Spawacz: w Polsce 4070 zł netto miesięcznie. Jedna z firm (a takich jest sporo), proponuje pracownikom z Polski 12,9-14 euro brutto/godzinę. Do tego jeszcze dietę w wysokości 40-55 euro netto /dzień, zakwaterowanie zapewnione przez pracodawcę (opłacane z części diety), legalne zatrudnienie na niemieckich warunkach, stałą pracę w oparciu o umowę o pracę z pełnym pakietem socjalnym, ubezpieczenie i gwarancje odprowadzania składek, pomoc w organizacji wyjazdu oraz w załatwianiu wszystkich formalności.
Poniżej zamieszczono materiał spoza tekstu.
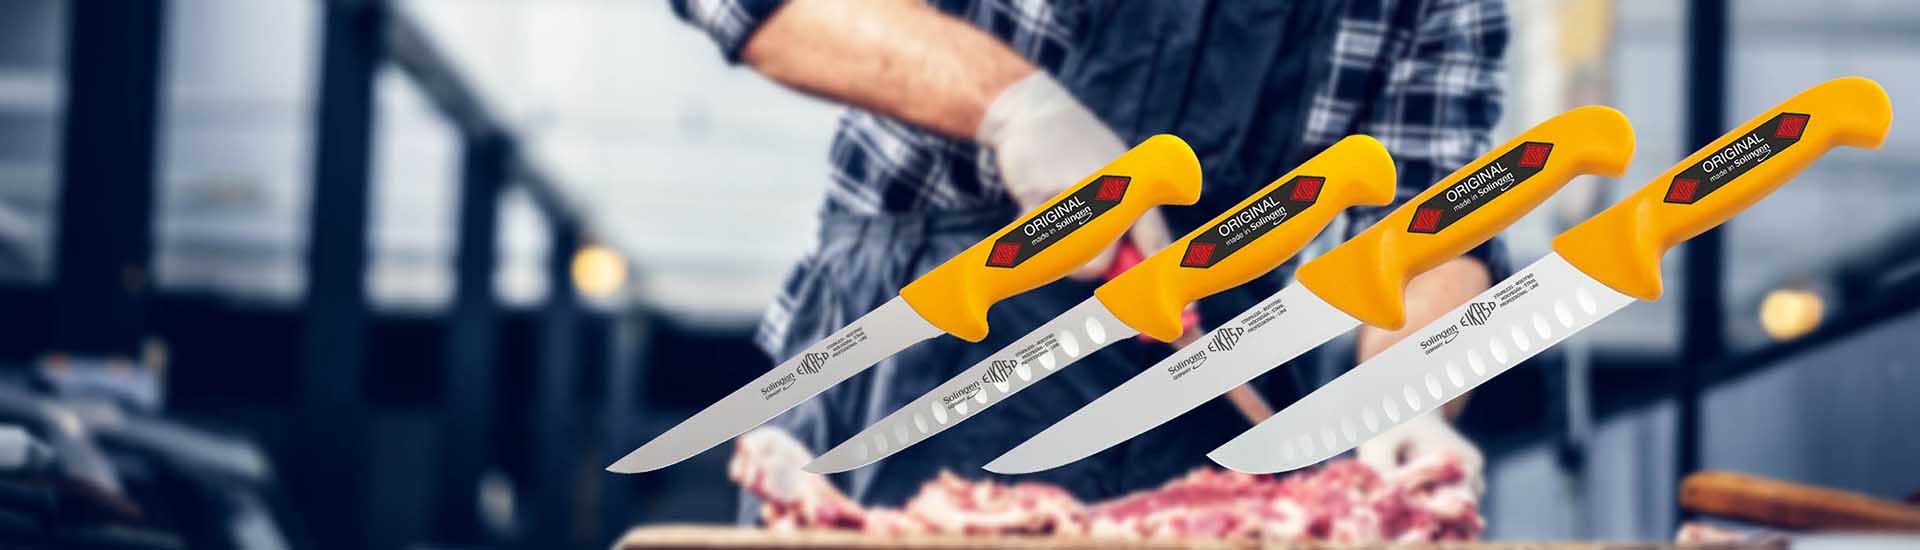 Eikaso Meat Knives and Butcher Knives - Quality for Professional Demands

Podobne warunki można znaleźć wśród pracodawców szwajcarskich, austriackich, a niekiedy jeszcze lepsze w Norwegii.
Dekarz: 4122 zł w miesiąc „na rękę”. W Niemczech, to 31 euro brutto za godzinę. Bardziej hojni pracodawcy płacą (w całości lub częściowo) za zakwaterowanie. Większość wymaga znajomości j. niemieckiego, dysponowania własnym samochodem, niektórzy – własnej działalności gospodarczej pracownika.
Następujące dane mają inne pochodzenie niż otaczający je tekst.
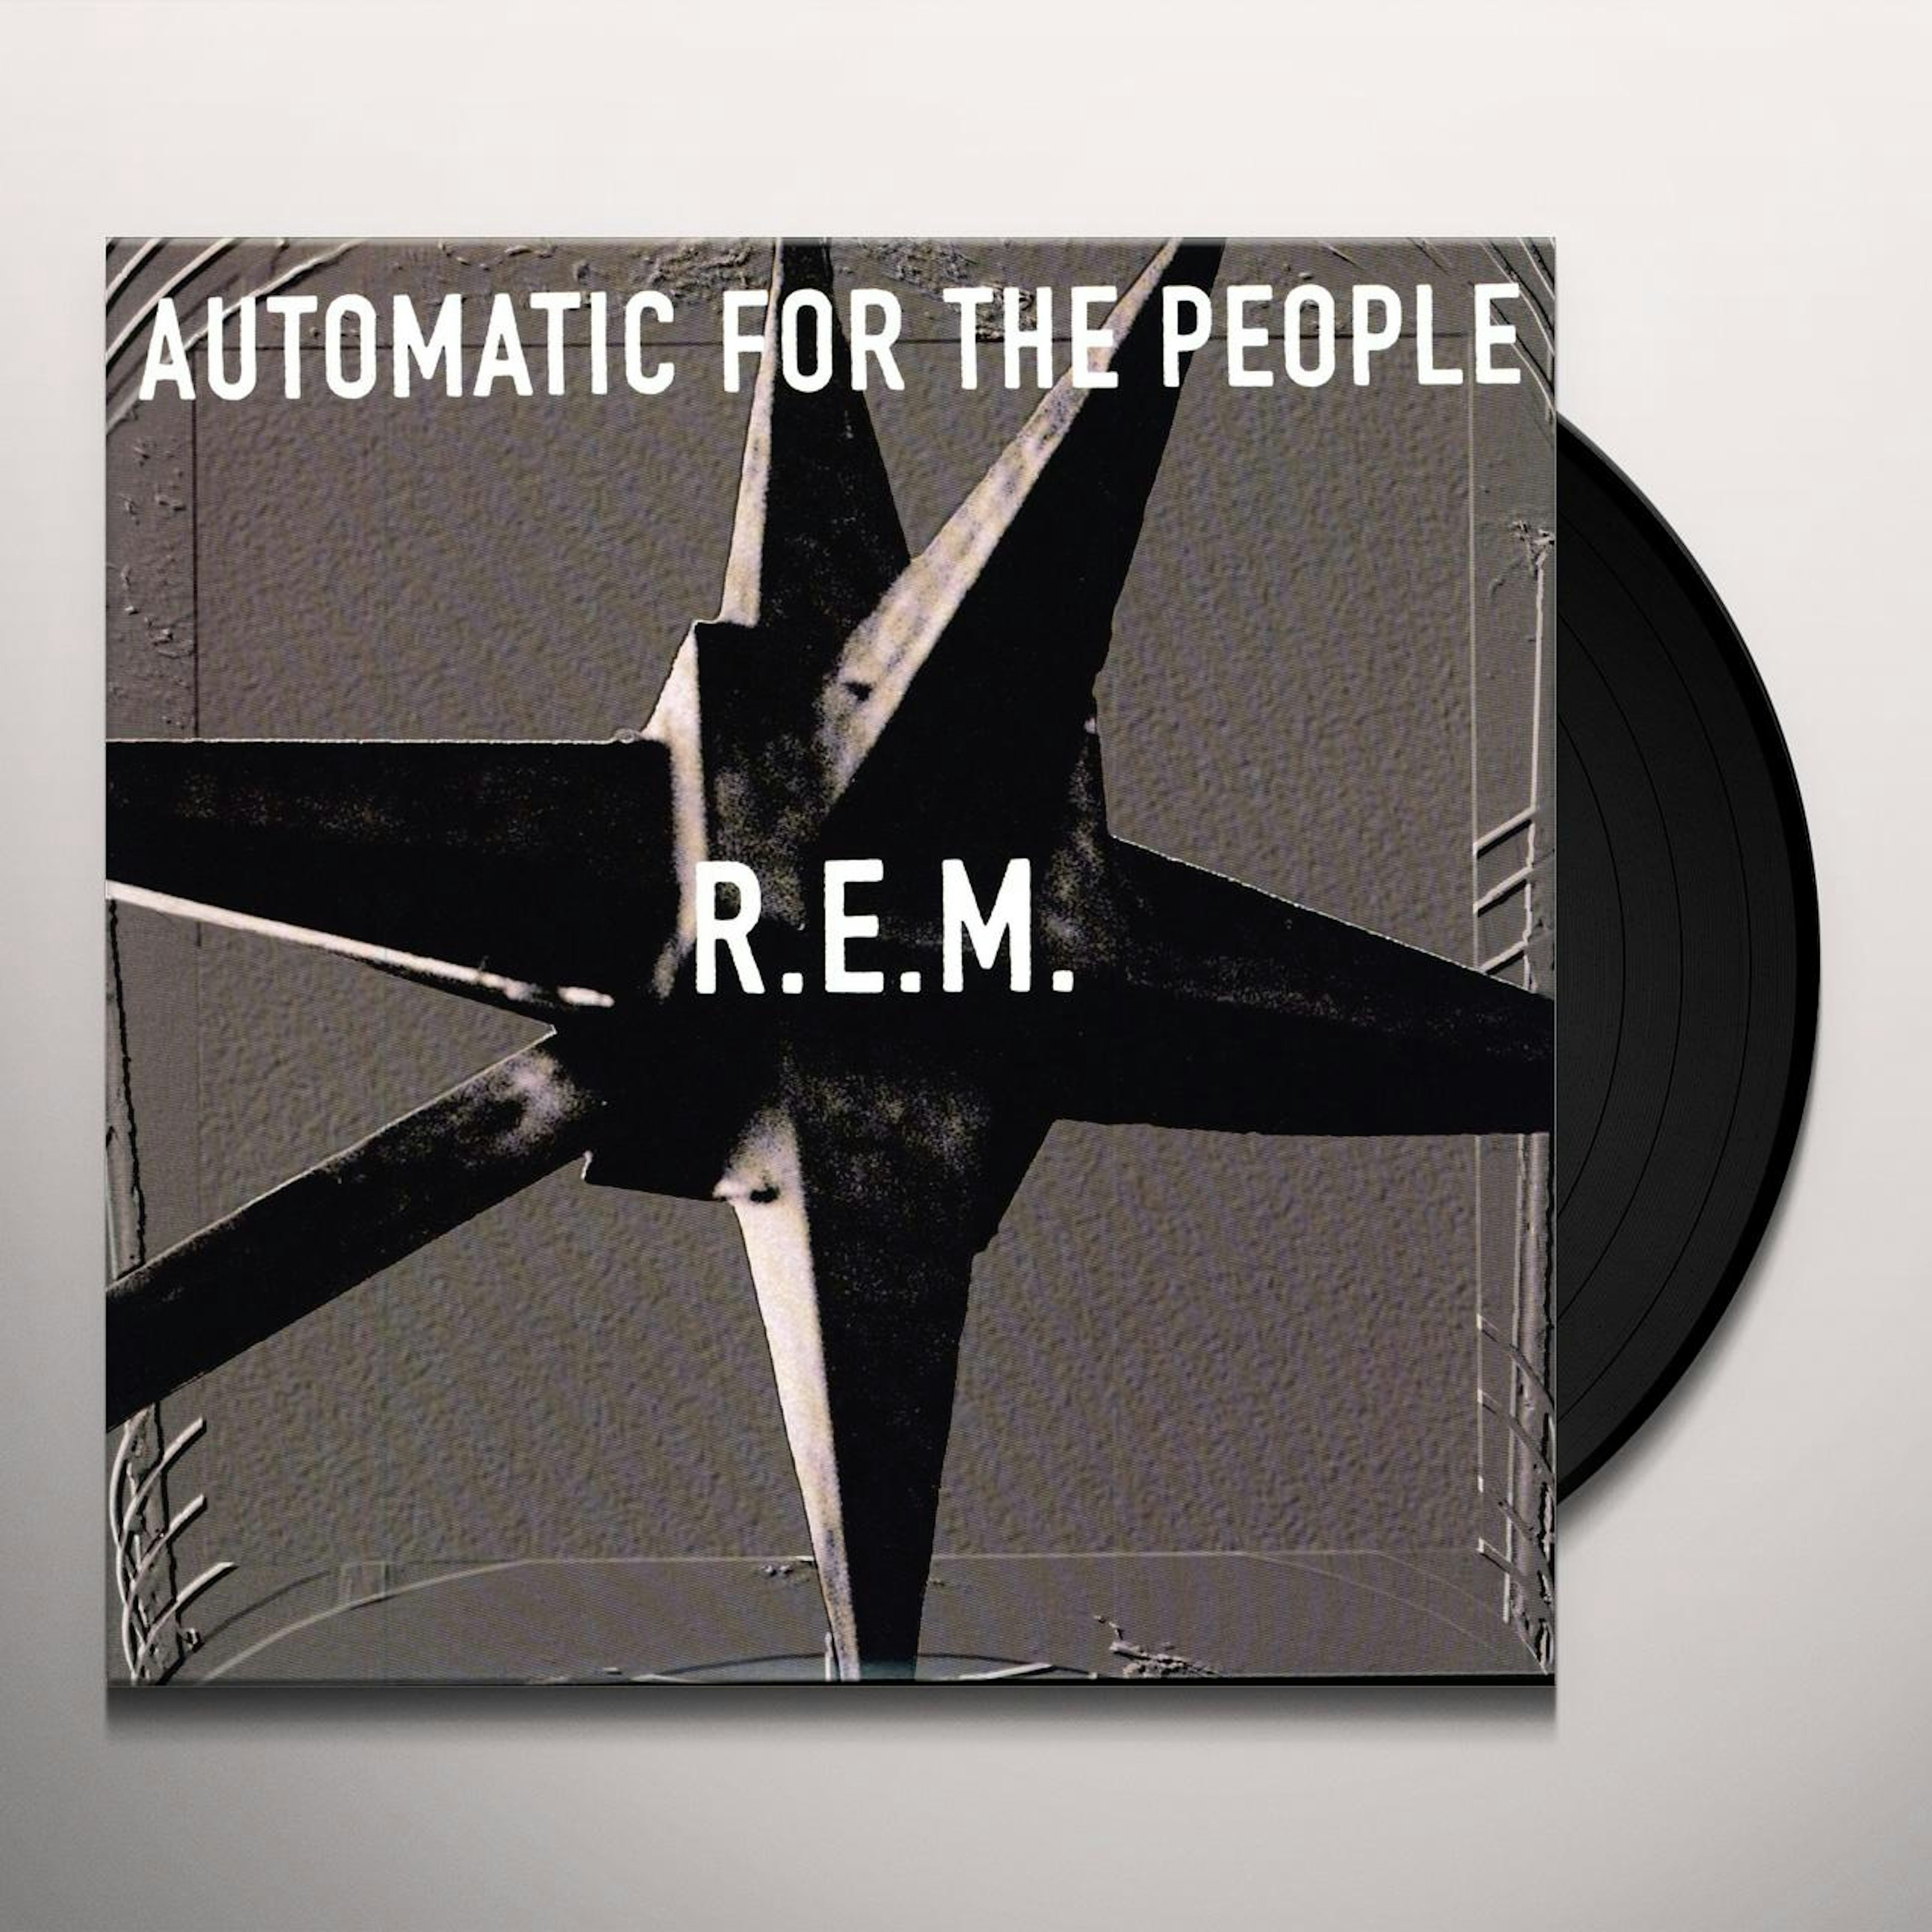 R.E.M. AUTOMATIC FOR THE Vinyl Record - UK Release

Elektryk: 4446 zł netto miesięcznie. Belgijski pracodawca proponuje natomiast 22 – 24 euro netto za godzinę i zapewnia, że to tylko „na początek”. Dodaje jeszcze kartę paliwową na dojazd do i z pracy. Za to pobiera 400 euro miesięcznie za zakwaterowanie. Jeden z Holenderskich przebija jego stawkę: 33 euro za godzinę (brutto).
Betoniarz: 4474 zł miesięcznie „na rękę”. Za to szwajcarska firma oferuje 35-38 CHF brutto/h plus jeszcze 16 CHF netto diety za dzień. Trzeba sobie odliczyć z dochodu 150 – 200 CHF miesięcznie, ale i tak sporo zostaje. Bardzo sporo. Trzeba tylko dysponować własnym samochodem i komunikatywnie posługiwać się niemieckim.